## Exercise
The whole of the data must be transcribed exactly.

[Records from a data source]
○ ○ ○ ○

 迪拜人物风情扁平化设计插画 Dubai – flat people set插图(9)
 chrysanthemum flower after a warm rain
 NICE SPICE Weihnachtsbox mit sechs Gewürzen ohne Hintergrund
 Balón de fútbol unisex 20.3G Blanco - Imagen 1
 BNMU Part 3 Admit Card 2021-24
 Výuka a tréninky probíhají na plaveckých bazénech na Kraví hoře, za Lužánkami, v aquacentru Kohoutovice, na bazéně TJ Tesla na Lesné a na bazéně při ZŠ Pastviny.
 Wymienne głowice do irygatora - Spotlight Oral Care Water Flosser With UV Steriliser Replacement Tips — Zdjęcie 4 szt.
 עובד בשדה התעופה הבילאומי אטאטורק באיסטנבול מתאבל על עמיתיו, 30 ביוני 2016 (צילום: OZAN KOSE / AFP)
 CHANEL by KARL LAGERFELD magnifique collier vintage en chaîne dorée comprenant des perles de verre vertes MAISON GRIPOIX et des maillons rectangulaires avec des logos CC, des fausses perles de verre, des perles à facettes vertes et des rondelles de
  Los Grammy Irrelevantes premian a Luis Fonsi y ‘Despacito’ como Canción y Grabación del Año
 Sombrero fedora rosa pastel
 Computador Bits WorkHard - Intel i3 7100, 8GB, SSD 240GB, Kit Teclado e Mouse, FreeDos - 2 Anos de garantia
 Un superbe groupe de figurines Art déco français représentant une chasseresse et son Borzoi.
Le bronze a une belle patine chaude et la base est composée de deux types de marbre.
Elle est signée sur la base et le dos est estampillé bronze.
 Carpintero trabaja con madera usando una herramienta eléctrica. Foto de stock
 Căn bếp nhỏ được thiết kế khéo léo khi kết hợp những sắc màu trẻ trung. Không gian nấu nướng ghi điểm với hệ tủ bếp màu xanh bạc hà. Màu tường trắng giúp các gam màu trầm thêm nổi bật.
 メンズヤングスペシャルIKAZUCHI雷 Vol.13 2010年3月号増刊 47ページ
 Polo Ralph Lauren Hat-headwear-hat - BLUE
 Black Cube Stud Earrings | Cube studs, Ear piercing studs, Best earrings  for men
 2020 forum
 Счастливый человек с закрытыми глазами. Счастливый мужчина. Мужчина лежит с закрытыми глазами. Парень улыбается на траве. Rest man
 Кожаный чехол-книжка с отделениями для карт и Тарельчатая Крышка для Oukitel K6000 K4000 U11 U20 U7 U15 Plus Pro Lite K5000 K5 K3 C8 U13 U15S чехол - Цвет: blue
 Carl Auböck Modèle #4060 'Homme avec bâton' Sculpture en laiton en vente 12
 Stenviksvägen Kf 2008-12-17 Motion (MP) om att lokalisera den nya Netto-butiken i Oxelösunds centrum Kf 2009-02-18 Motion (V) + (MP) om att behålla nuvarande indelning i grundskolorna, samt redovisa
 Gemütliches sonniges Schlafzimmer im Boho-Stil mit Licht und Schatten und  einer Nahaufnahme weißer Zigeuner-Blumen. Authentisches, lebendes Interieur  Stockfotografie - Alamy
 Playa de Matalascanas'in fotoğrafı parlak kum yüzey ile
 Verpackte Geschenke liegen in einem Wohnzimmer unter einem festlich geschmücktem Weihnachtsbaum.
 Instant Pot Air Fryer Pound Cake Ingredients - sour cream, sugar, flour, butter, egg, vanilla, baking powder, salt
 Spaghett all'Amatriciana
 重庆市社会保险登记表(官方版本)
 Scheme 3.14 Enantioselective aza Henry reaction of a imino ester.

○ ○ ○ ○

## Expected answer
 迪拜人物风情扁平化设计插画 Dubai – flat people set插图(9)
 chrysanthemum flower after a warm rain
 NICE SPICE Weihnachtsbox mit sechs Gewürzen ohne Hintergrund
 Balón de fútbol unisex 20.3G Blanco - Imagen 1
 BNMU Part 3 Admit Card 2021-24
 Výuka a tréninky probíhají na plaveckých bazénech na Kraví hoře, za Lužánkami, v aquacentru Kohoutovice, na bazéně TJ Tesla na Lesné a na bazéně při ZŠ Pastviny.
 Wymienne głowice do irygatora - Spotlight Oral Care Water Flosser With UV Steriliser Replacement Tips — Zdjęcie 4 szt.
 עובד בשדה התעופה הבילאומי אטאטורק באיסטנבול מתאבל על עמיתיו, 30 ביוני 2016 (צילום: OZAN KOSE / AFP)
 CHANEL by KARL LAGERFELD magnifique collier vintage en chaîne dorée comprenant des perles de verre vertes MAISON GRIPOIX et des maillons rectangulaires avec des logos CC, des fausses perles de verre, des perles à facettes vertes et des rondelles de
  Los Grammy Irrelevantes premian a Luis Fonsi y ‘Despacito’ como Canción y Grabación del Año
 Sombrero fedora rosa pastel
 Computador Bits WorkHard - Intel i3 7100, 8GB, SSD 240GB, Kit Teclado e Mouse, FreeDos - 2 Anos de garantia
 Un superbe groupe de figurines Art déco français représentant une chasseresse et son Borzoi.
Le bronze a une belle patine chaude et la base est composée de deux types de marbre.
Elle est signée sur la base et le dos est estampillé bronze.
 Carpintero trabaja con madera usando una herramienta eléctrica. Foto de stock
 Căn bếp nhỏ được thiết kế khéo léo khi kết hợp những sắc màu trẻ trung. Không gian nấu nướng ghi điểm với hệ tủ bếp màu xanh bạc hà. Màu tường trắng giúp các gam màu trầm thêm nổi bật.
 メンズヤングスペシャルIKAZUCHI雷 Vol.13 2010年3月号増刊 47ページ
 Polo Ralph Lauren Hat-headwear-hat - BLUE
 Black Cube Stud Earrings | Cube studs, Ear piercing studs, Best earrings  for men
 2020 forum
 Счастливый человек с закрытыми глазами. Счастливый мужчина. Мужчина лежит с закрытыми глазами. Парень улыбается на траве. Rest man
 Кожаный чехол-книжка с отделениями для карт и Тарельчатая Крышка для Oukitel K6000 K4000 U11 U20 U7 U15 Plus Pro Lite K5000 K5 K3 C8 U13 U15S чехол - Цвет: blue
 Carl Auböck Modèle #4060 'Homme avec bâton' Sculpture en laiton en vente 12
 Stenviksvägen Kf 2008-12-17 Motion (MP) om att lokalisera den nya Netto-butiken i Oxelösunds centrum Kf 2009-02-18 Motion (V) + (MP) om att behålla nuvarande indelning i grundskolorna, samt redovisa
 Gemütliches sonniges Schlafzimmer im Boho-Stil mit Licht und Schatten und  einer Nahaufnahme weißer Zigeuner-Blumen. Authentisches, lebendes Interieur  Stockfotografie - Alamy
 Playa de Matalascanas'in fotoğrafı parlak kum yüzey ile
 Verpackte Geschenke liegen in einem Wohnzimmer unter einem festlich geschmücktem Weihnachtsbaum.
 Instant Pot Air Fryer Pound Cake Ingredients - sour cream, sugar, flour, butter, egg, vanilla, baking powder, salt
 Spaghett all'Amatriciana
 重庆市社会保险登记表(官方版本)
 Scheme 3.14 Enantioselective aza Henry reaction of a imino ester.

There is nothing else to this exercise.